The simplification of node states to three discrete levels (green, yellow, red) provides a practical approach to modelling system behaviour without the overhead of managing continuous state variables. The proposed simplified strategy can also consider stochastic aspects, such as a variable grid’s topology. However, this abstraction may overlook nuances in grid dynamics that could be important for finer-grained control and optimization, such as the effect of the quality of the power flow representation [78] and the need for a certain degree of complexity to obtain sufficiently accurate results in energy system models [79]. This can impact the system reliability and precision by reducing the set of possible states of the system, which leads to deconcretization and additional complications when extrapolating conclusions to implement similar simulations. Incorporating additional state levels or adopting a hybrid approach that combines discrete and continuous state representations might offer improved fidelity without sacrificing the benefits of CRDTs.

Overall, the adoption of CRDTs for state synchronization in DEGSs shows significant promise in enhancing system resilience and operational efficiency. The deterministic and conflict-free nature of CRDTs aligns well with the demands of distributed electrical grids, where timely and accurate state information is critical for maintaining balance and preventing failures. By addressing the identified limitations and extending the framework to accommodate more complex network conditions and security requirements, the proposed approach can contribute to the development of more robust and scalable DEGS architectures.

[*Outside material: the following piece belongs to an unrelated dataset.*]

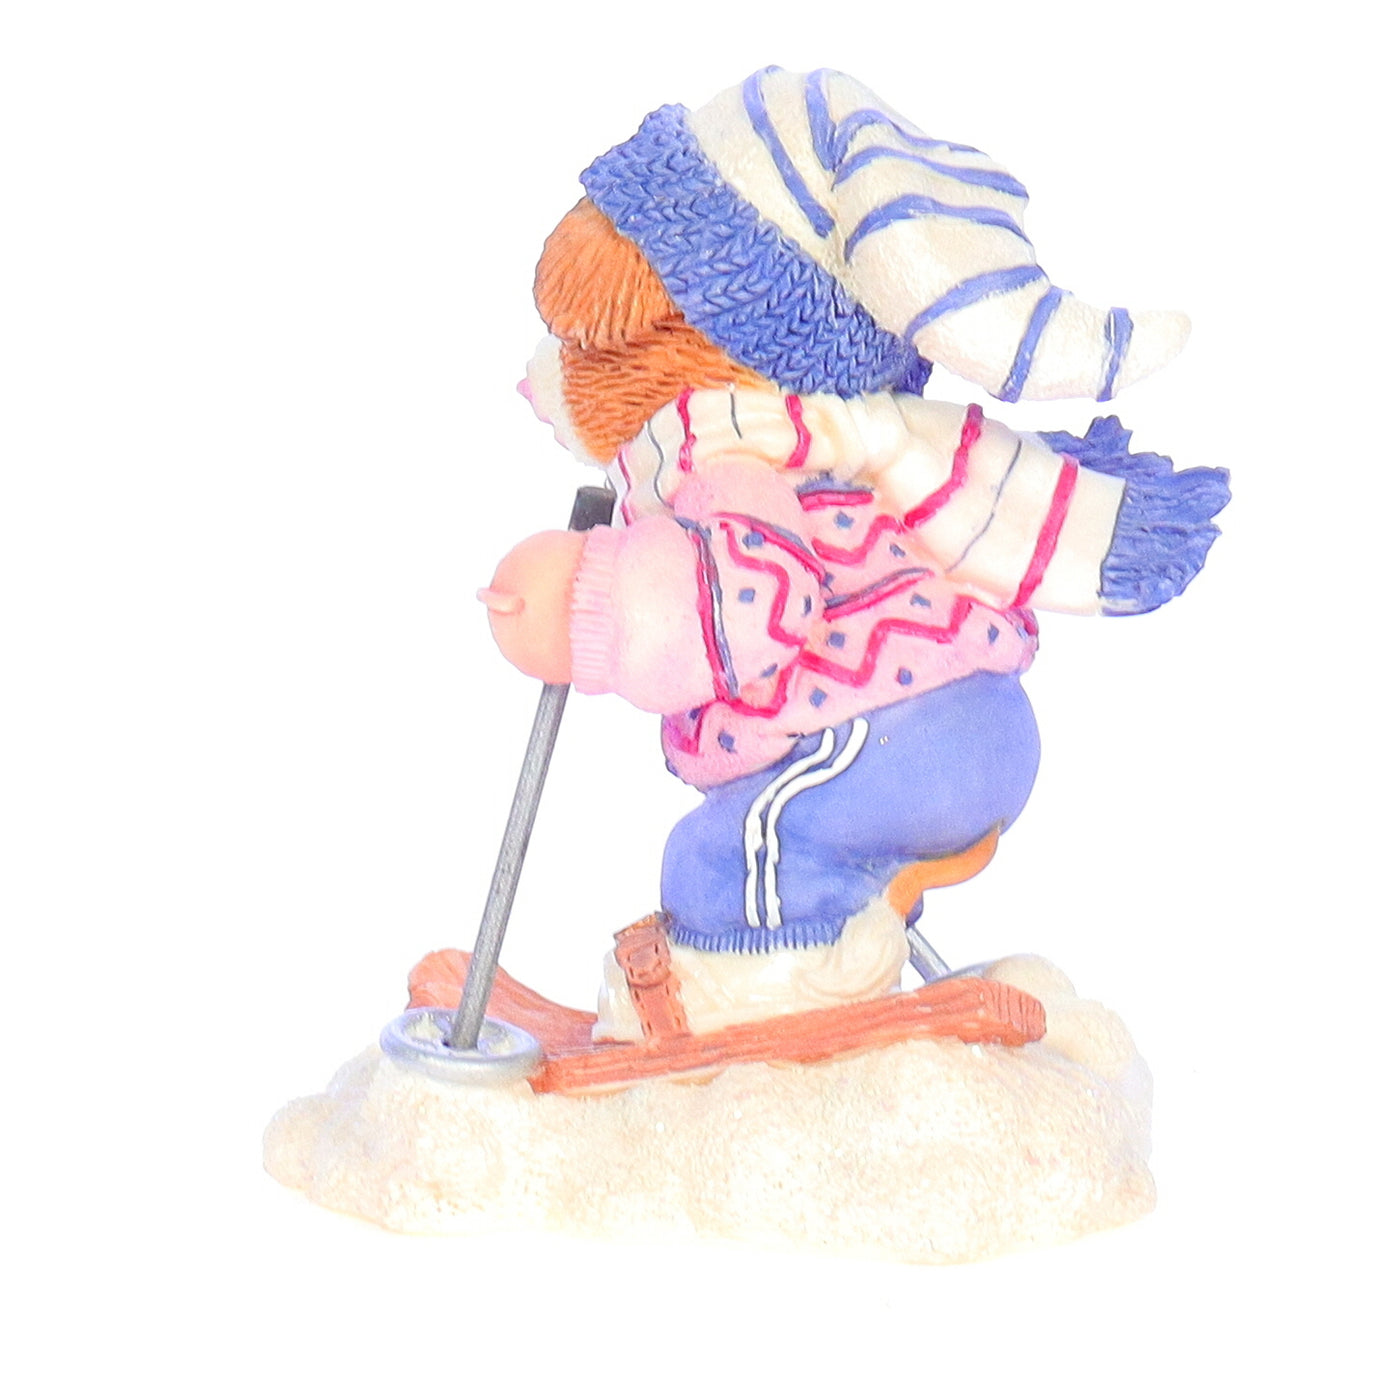 marys moo moos 548944 barn to ski christmas figurine 1999 back

In conclusion, the system behaved predictably and maintained consistency after the disturbance. Despite the fact that the state synchronization time increased during significant disturbances, the nodes remained in a deterministic state, which prevented additional errors or network failures. This allows for efficient and accurate data analysis. The experimental results presented above demonstrated that the proposed solution is both scalable and fault-tolerant within the context of the effectiveness of the application of the CRDT for the synchronization of the distributed electric power grid system. Thanks to the state-based CRDT structure, the corresponding DEGSs are well suited for real-time monitoring and analysis of data in the electrical grids.

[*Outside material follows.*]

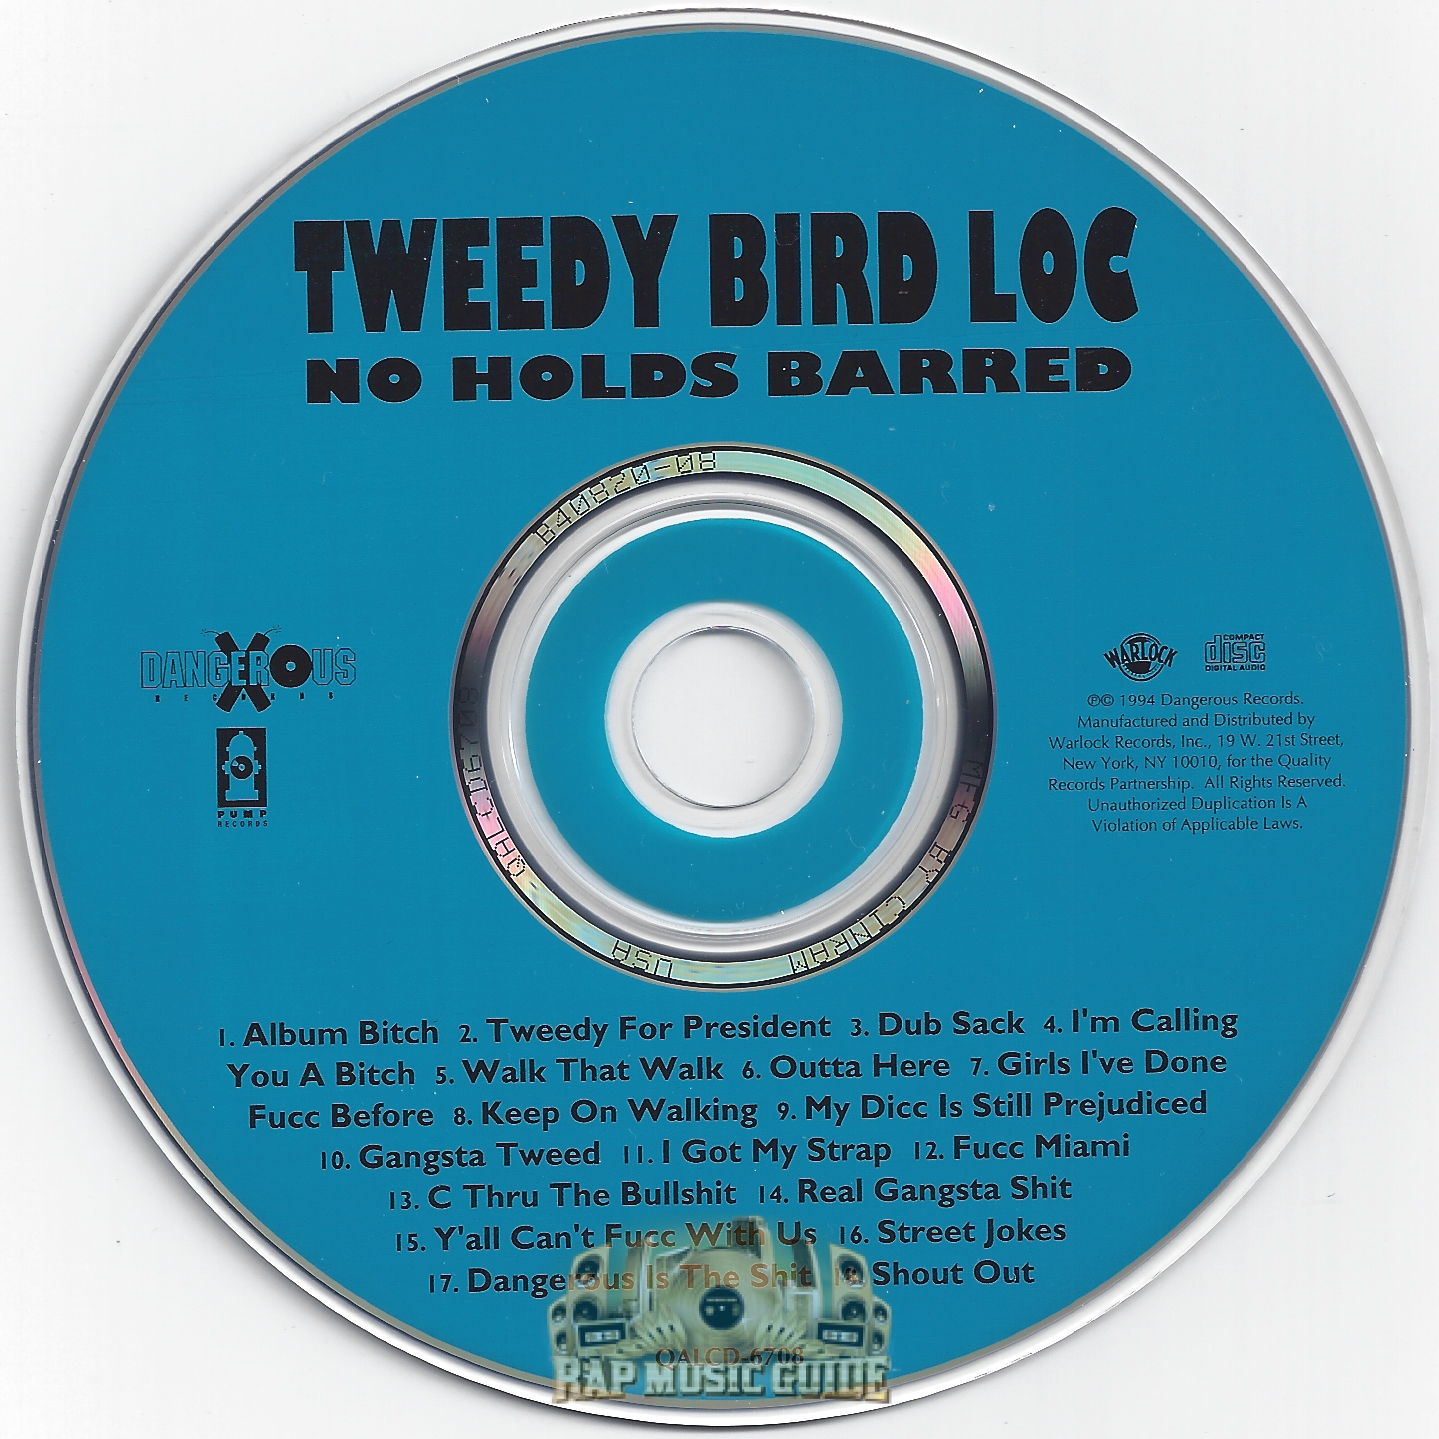 Tweedy Bird Loc - No Holds Barred: CD | Rap Music Guide

The next research steps could cover a wider range of different topics. Directions could include the development of special protocols for inner and outer electrical grid communication using heterogeneous latencies to account for varying communication delays between nodes, which can significantly impact the synchronization efficiency and overall system performance, including cybersecurity aspects of the replicated data types, since it is expected that larger clustered systems can be divided into separate ones. The main challenge is performing cryptographic operations efficiently at scale, ensuring that nodes can validate the authenticity and integrity of states without a high overhead. Techniques like threshold signatures or secure enclaves could be explored. Developing a state management system based on the described data state would be highly beneficial. Such a system would enable the integration of various approaches to data distribution, as well as monitoring, threading, and the analysis, management, and control of associated risks across the entire system. The authors also consider it expedient to develop a universal approach to creating the topology of a distributed electrical grid system.

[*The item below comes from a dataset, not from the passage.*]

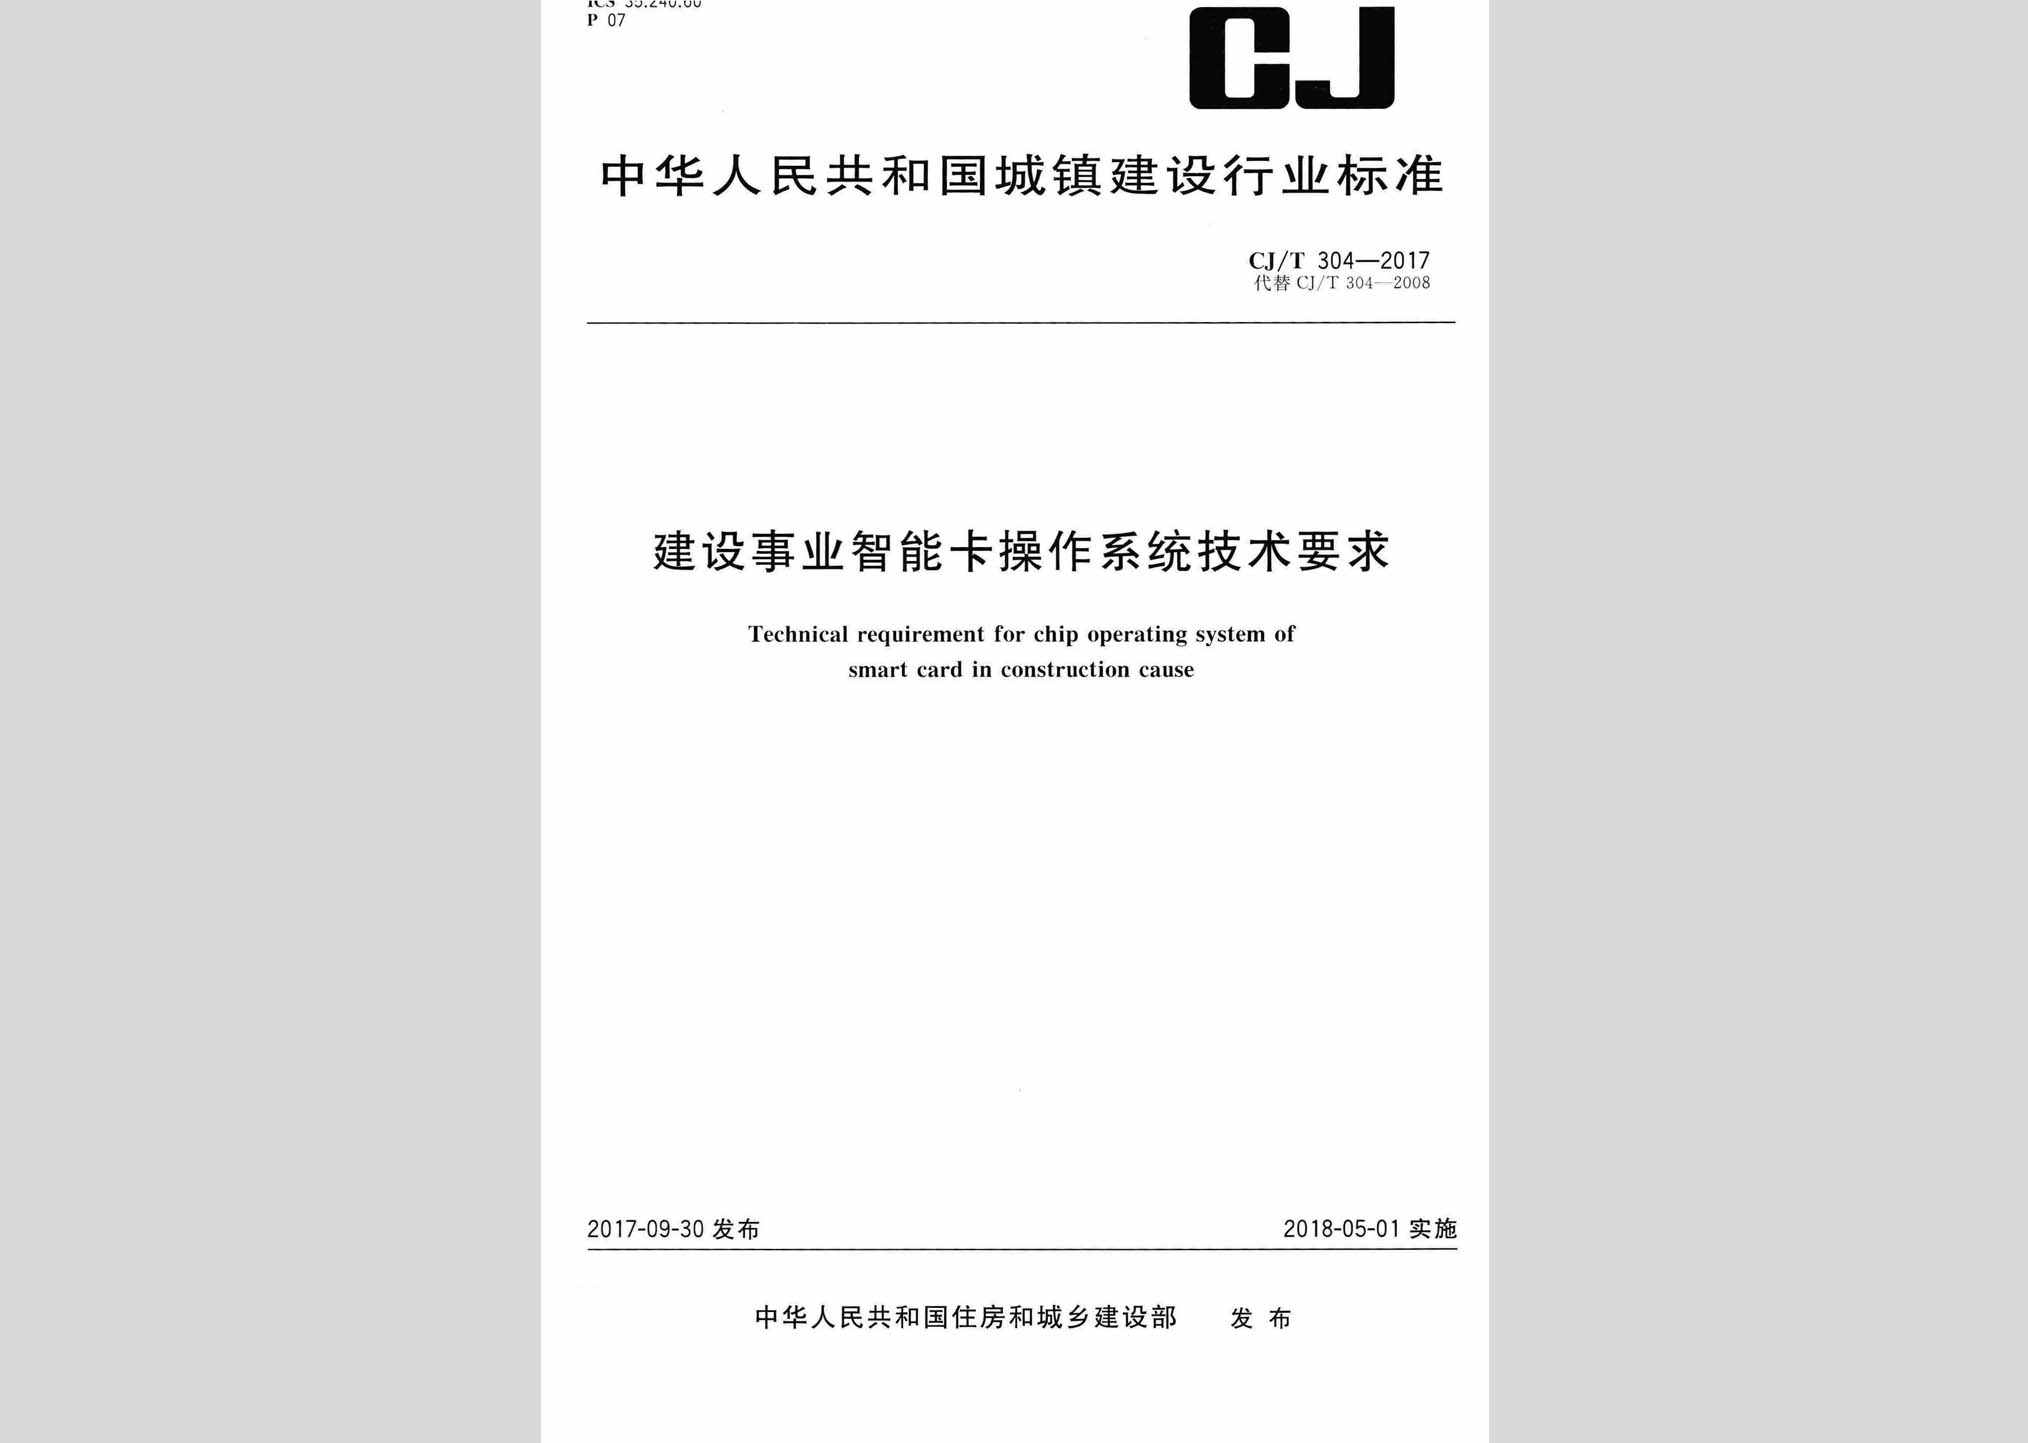 CJ/T304-2017：建设事业智能卡操作系统技术要求

This would allow for the use of CRDTs on different levels without any overhead based on the design of individual parts of the system. Independently clustered topologies would also provide a direct way to achieve scalability and resolve the issues mentioned earlier. This can be a very tough problem, because each cluster can have its own architecture and non-functional requirements (NFRs). It is also crucial to know the behaviour of the message distribution regarding the distance between nodes and state management issues.